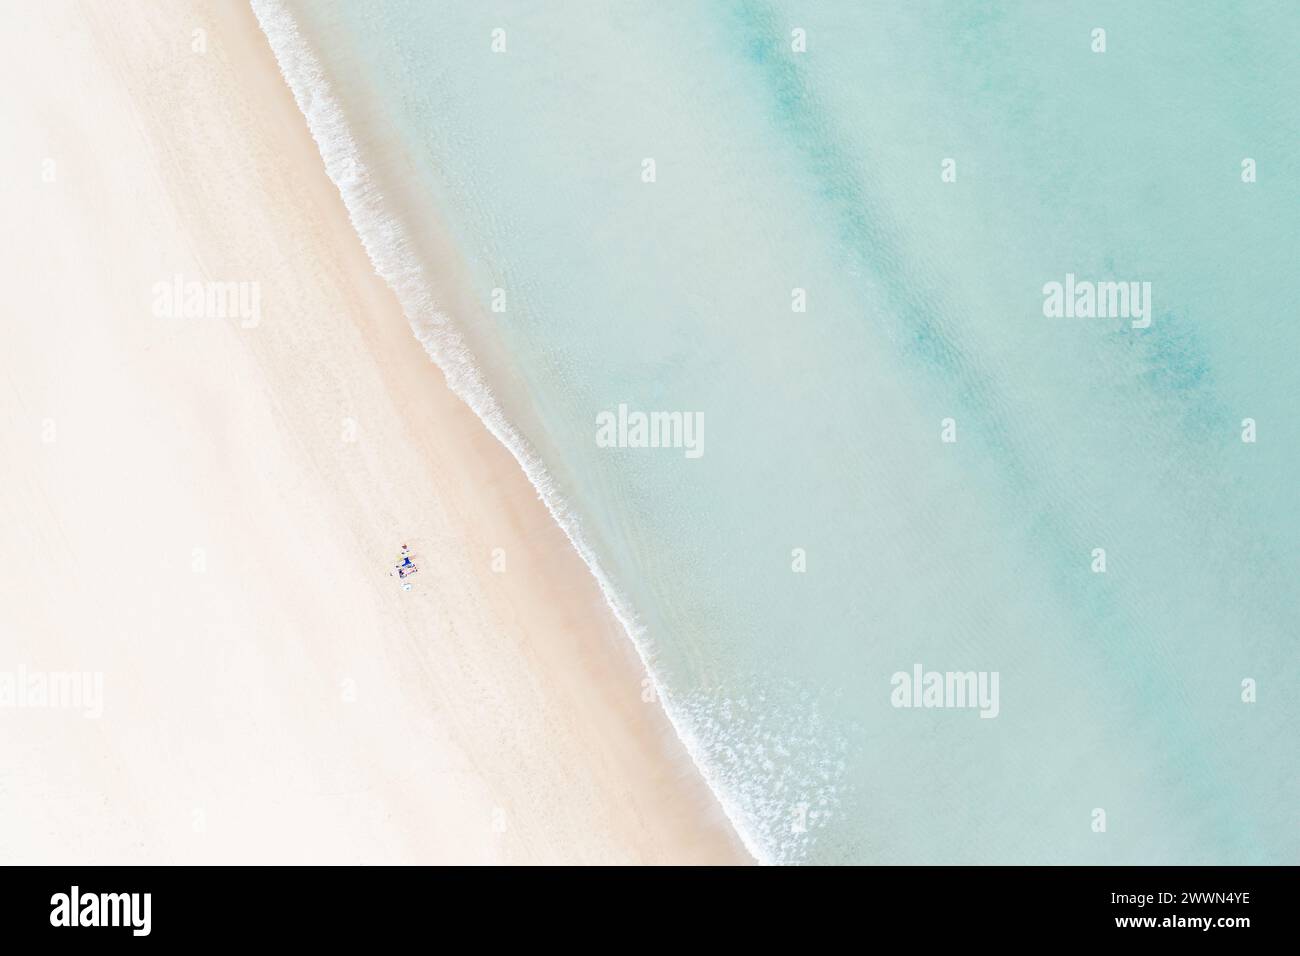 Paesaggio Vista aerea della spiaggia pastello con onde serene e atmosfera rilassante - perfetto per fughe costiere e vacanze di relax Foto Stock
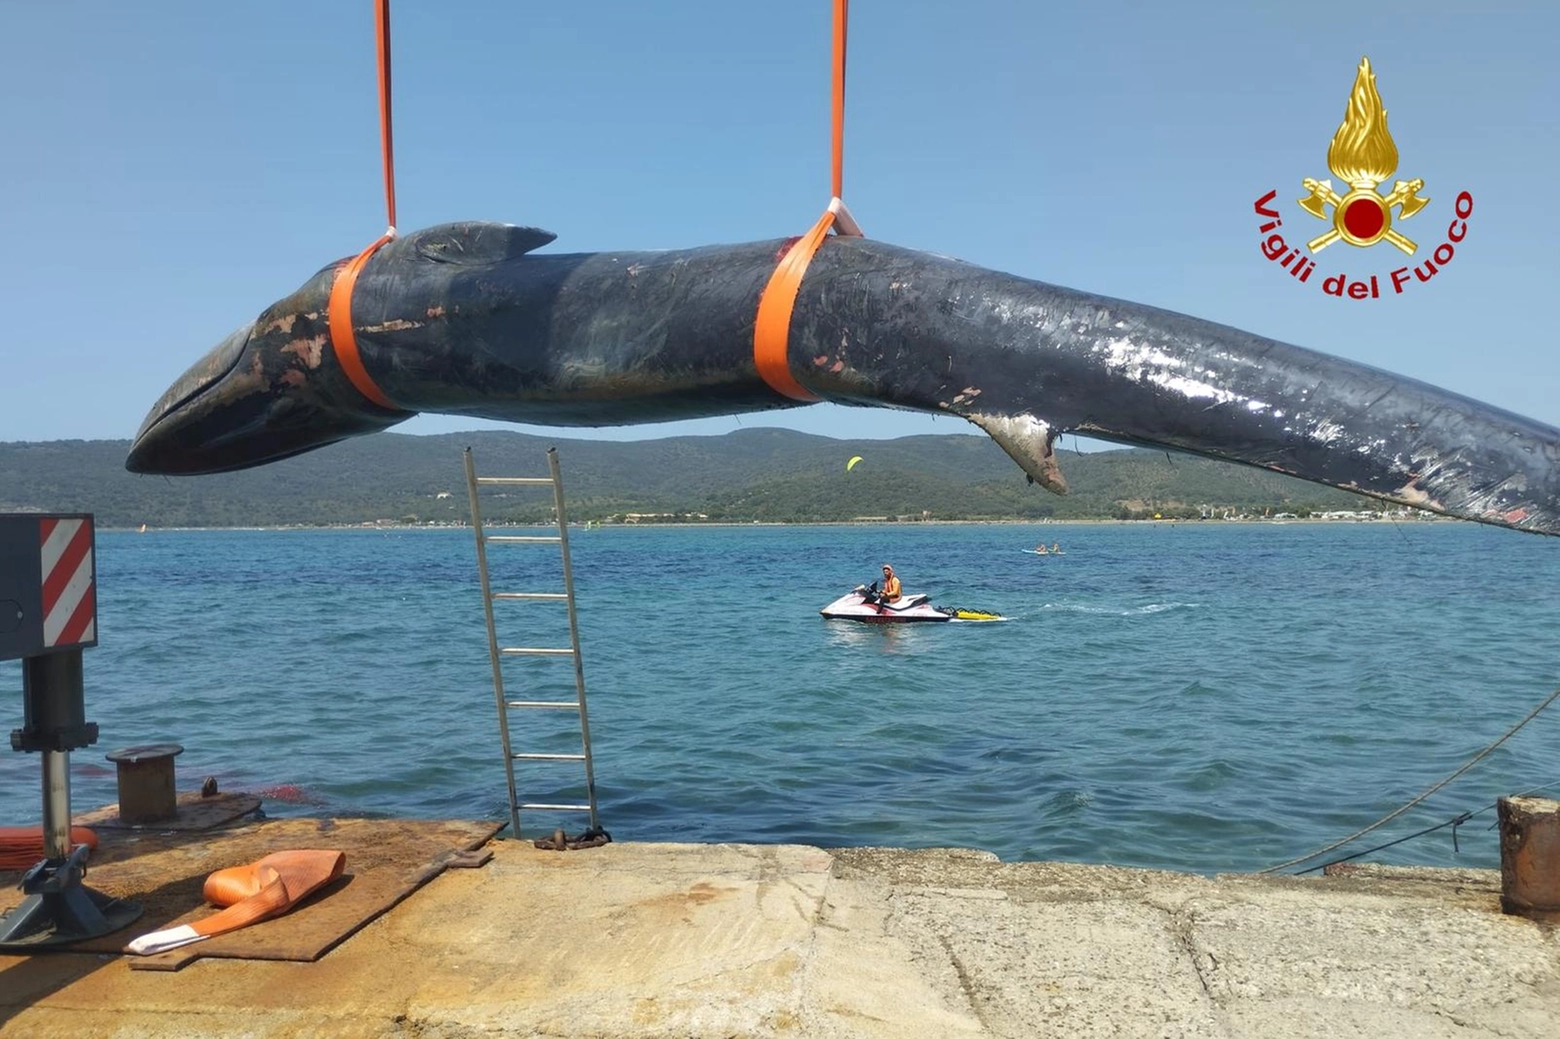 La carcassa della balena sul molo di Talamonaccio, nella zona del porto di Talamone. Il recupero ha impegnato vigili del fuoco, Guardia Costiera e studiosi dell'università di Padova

---*---

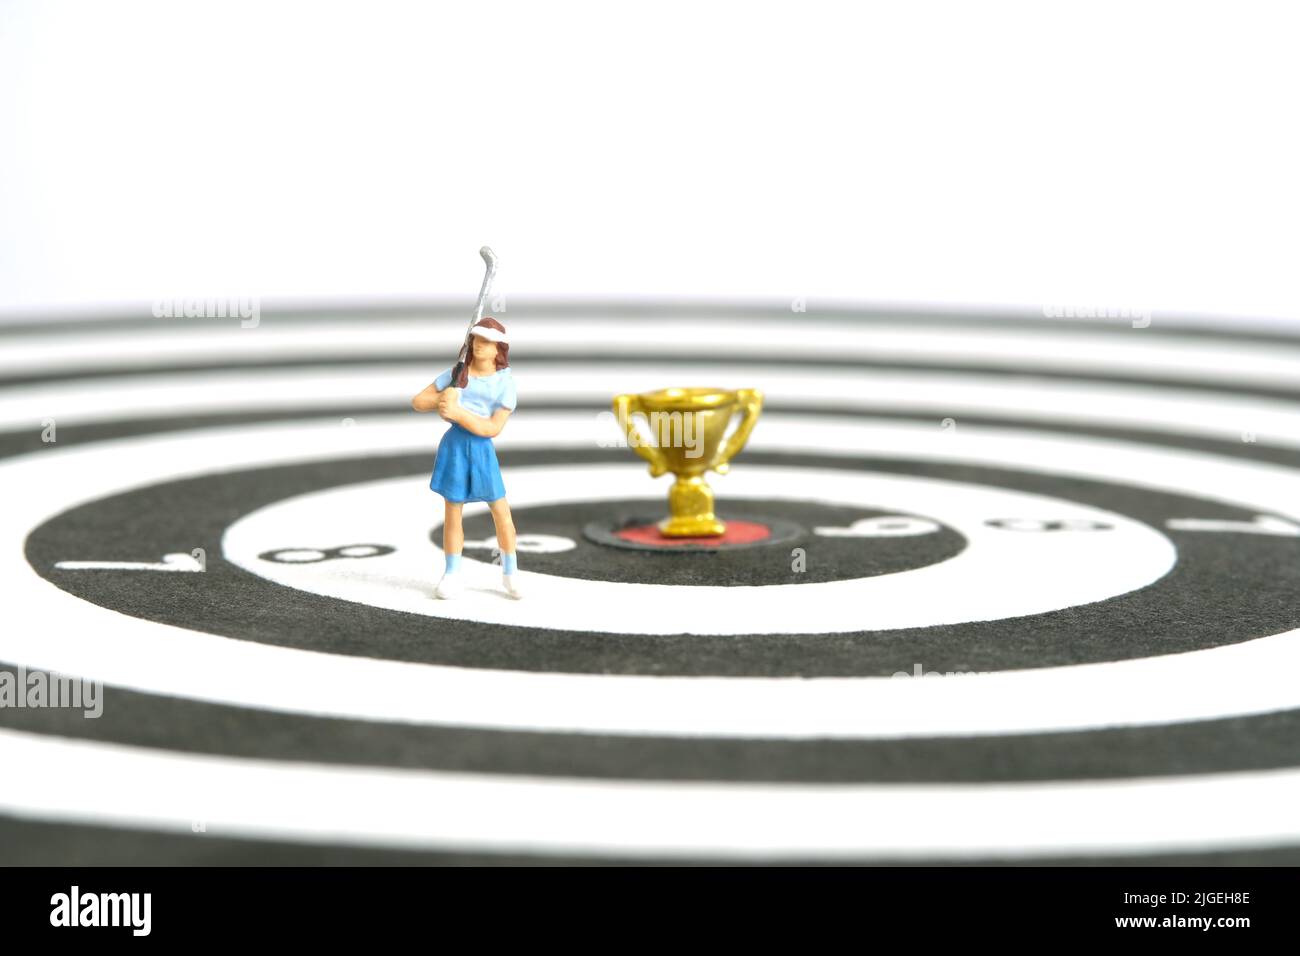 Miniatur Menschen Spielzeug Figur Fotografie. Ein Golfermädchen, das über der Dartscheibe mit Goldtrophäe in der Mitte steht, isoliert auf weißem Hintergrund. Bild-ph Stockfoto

---*---

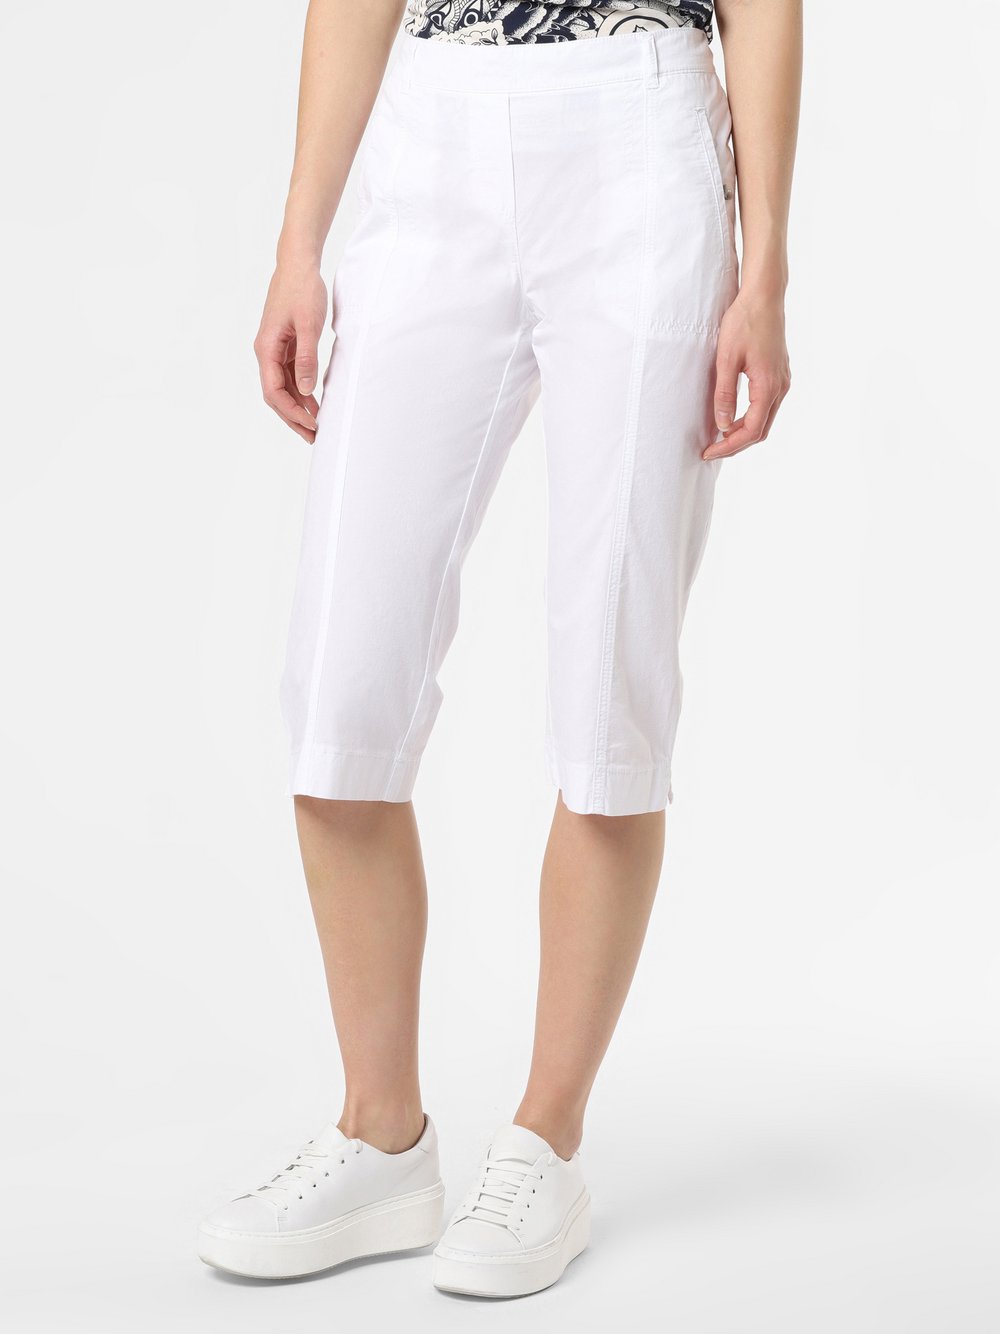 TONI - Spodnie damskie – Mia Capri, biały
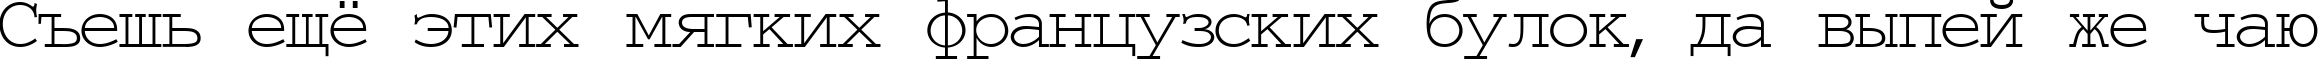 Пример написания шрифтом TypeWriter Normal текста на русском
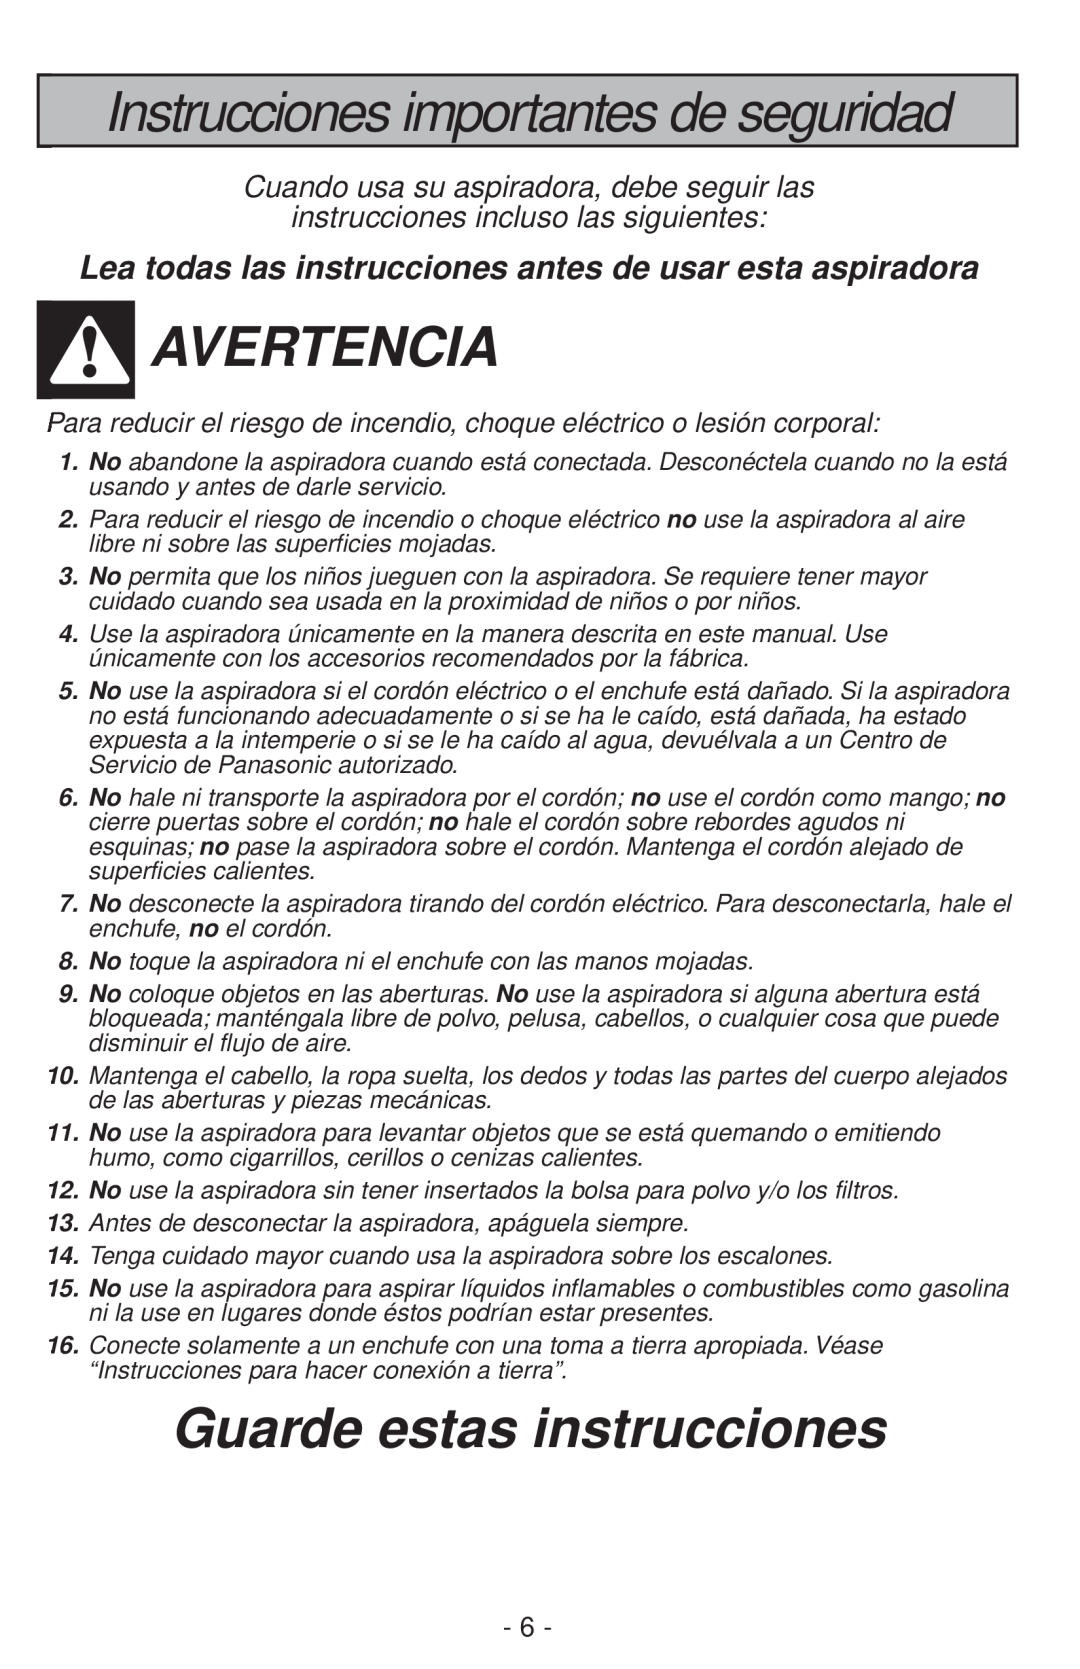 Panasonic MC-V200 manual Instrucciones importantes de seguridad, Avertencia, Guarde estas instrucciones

---*---

Look above for the line with "Paesaggio Vista aerea", then give again exactly every line from there through the line with "La carcassa della", skipping the pictures.

 Paesaggio Vista aerea della spiaggia pastello con onde serene e atmosfera rilassante - perfetto per fughe costiere e vacanze di relax Foto Stock
 La carcassa della balena sul molo di Talamonaccio, nella zona del porto di Talamone. Il recupero ha impegnato vigili del fuoco, Guardia Costiera e studiosi dell'università di Padova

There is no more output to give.